The Generalized Anxiety Disorder questionnaire (GAD-7) [19, 22].

The GAD-7 is a screening tool for general anxiety disorder which consists of seven items with four-point Likert responses and scores from 0 to 21, with higher scores suggesting worse symptoms. The Shona language version was validated in a Zimbabwean primary care context against a diagnosis of GAD. Its optimal cut-off of ≥10 showed a sensitivity of 89% and specificity of 73% with high internal reliability (Cronbach α = 0.87). We defined the severity of anxiety at baseline according to the established GAD-7 categories (0–4 no, 5–9 mild, 10–14 moderate and 15–21 severe anxiety).

The WHO Disability Assessment Schedule (WHO-DAS 2) [19].

The WHO-DAS 2 is a 12-item score for disability which ranges from 0–48, with higher scores indicating higher disability.

Friendship bench intervention

The FB intervention consists of six sessions of culturally adapted problem-solving therapy and simple behavioural activation for depression delivered by a trained lay counsellor on a bench in a discreet area outside the clinic [16, 17]. The first session was delivered on the day of enrolment with subsequent weekly sessions.
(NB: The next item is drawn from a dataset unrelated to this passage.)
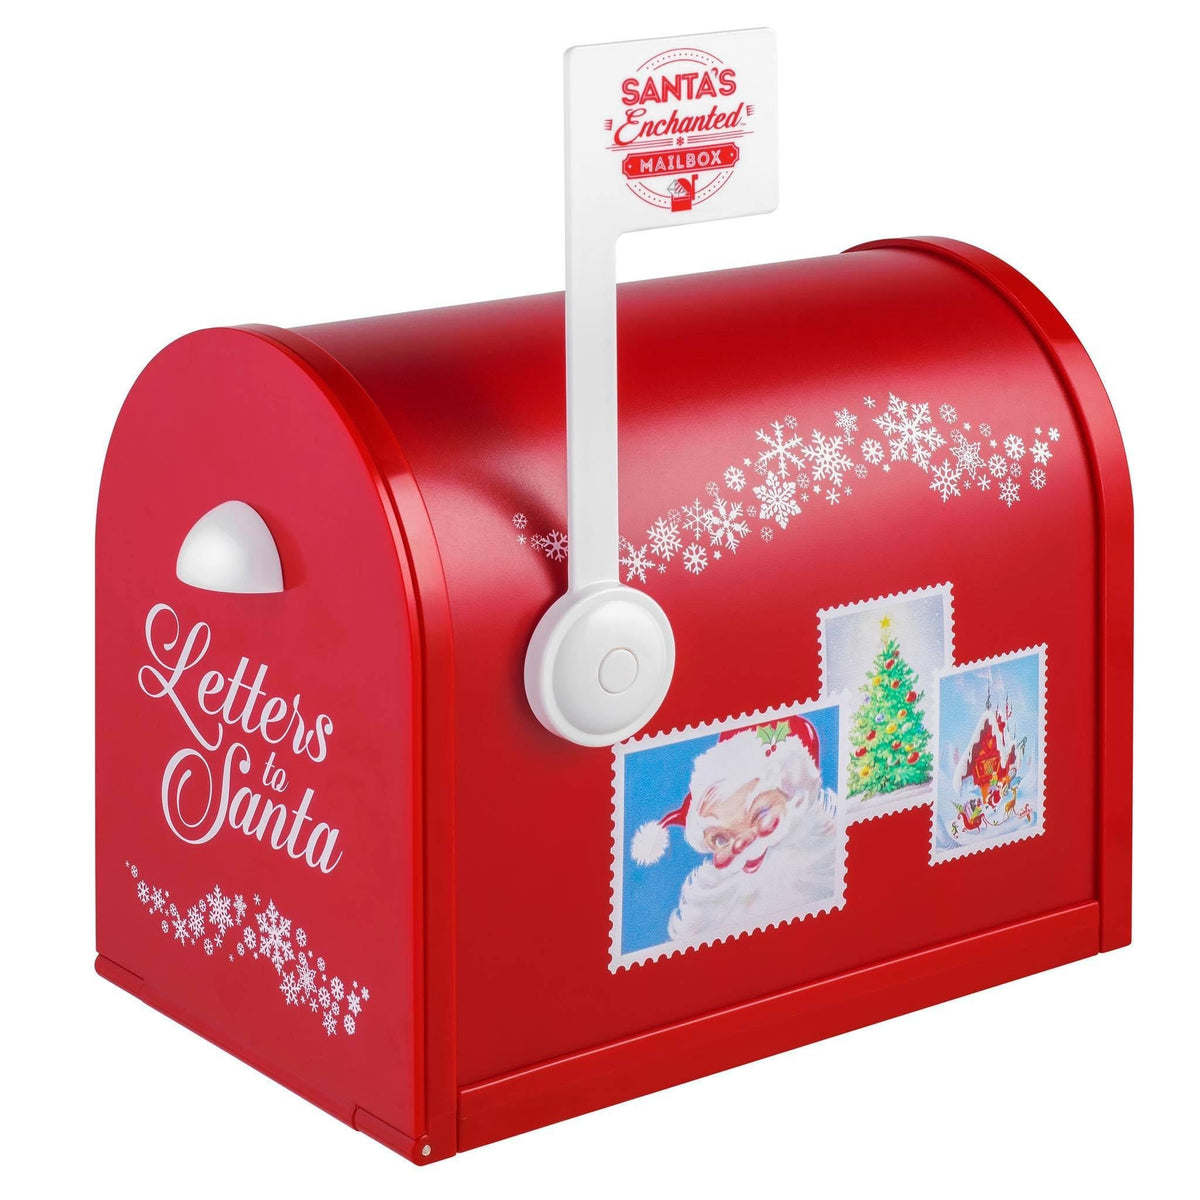 Letters to Santa are answered after they're left in a 'magical mailbox

If a participant missed a session, the counsellor got in touch by phone or SMS to encourage adherence to problem-solving therapy and re-schedule the next session. Patients were also invited to a peer-led support group with an income generation component, known as Circle Kubatana Tose. Twelve trained lay health counsellors employed by the City of Harare Health Department delivered the FB intervention, supervised on a two-weekly basis by a mental health care professional from the FB team. All counsellors were experienced in delivering the intervention and had treated patients in the previous FB clinical trial [18] The initial training lasted nine days and included knowledge on common mental disorders, counselling skills, problem-solving therapy, and self-care. All lay counsellors attended a group discussion where lessons from the earlier trial were shared, including how they addressed depression in PLWH. A five-day refresher training on problem-solving therapy was then carried out with core modules on counselling PLWH and management of participants with ‘red flags’ to empower the task-shifting approach and limit referral to tertiary care.

Enhanced usual care

The comparison group received EUC consisting of nurse-led psychoeducation and assessment for any need for further mental health care based on the Mental Health Gap Action Program (mhGAP) of the WHO [23]. Further mental health care included the prescription of antidepressant medication by the clinic nurse and strengthened referral to existing mental health care services for participants showing a ‘red flag’ as defined above. These were also available in the FB group.

HIV care

All study participants received standard HIV care. In case of viral non-suppression nurse-led enhanced adherence counselling was conducted in accordance with Ministry of Health recommendations [24]. This consisted of three sessions on the benefits of ART and an in-depth discussion on reasons for non-adherence with the option to refer to a physician.

Outcomes

The primary outcome was the proportion of participants with viral non-suppression at six months follow-up, defined as a viral load ≥400 copies/mL or death. Secondary outcomes were mental health symptoms assessed using the SSQ-14, PHQ-9, GAD-7, and WHO-DAS. These were analysed as continuous scores and proportions screening positive as defined above (SSQ-14 ≥9, PHQ-9 ≥11, GAD-7 ≥10 and WHO-DAS ≥20).

Statistical analysis

The study had 81% power to detect a difference in viral non-suppression at 6 months of 30% in the EUC clinics vs 18% in the FB clinics, based on recruiting 750 participants from ten FB clinics and 250 from three EUC clinics, with an ICC of 0.01. The ZIMPHIA report 2016 [25] found that 15% of adults in HIV care in Zimbabwe were non-suppressed; we estimated this would be twice as high among people with CMDs.

Analyses were conducted at cluster-level due to the small number of clusters [26]. The primary analysis was a cluster-level difference-in-difference approach assessed using linear regression of cluster-level proportions or means on FB vs EUC, adjusted for baseline viral non-suppression (aDiD). We used individual-level multivariable logistic regression to identify potential confounders (i.e. baseline variables that were independently associated with treatment group and with viral non-suppression at follow-up, adjusting for clinic using robust standard errors). We identified baseline variables independently associated with loss-to-follow-up following the same statistical approach. Potential confounders or variables associated with loss-to-follow-up were included in the initial aDiD model if they changed the effect estimate by more than 10%. The p-value was estimated assuming a t-distribution to account for the small degrees of freedom. The same approach was used for the mental health outcomes, adjusting for the respective baseline mental health value. For the primary outcome we also conducted an analysis stratified by baseline viral suppression.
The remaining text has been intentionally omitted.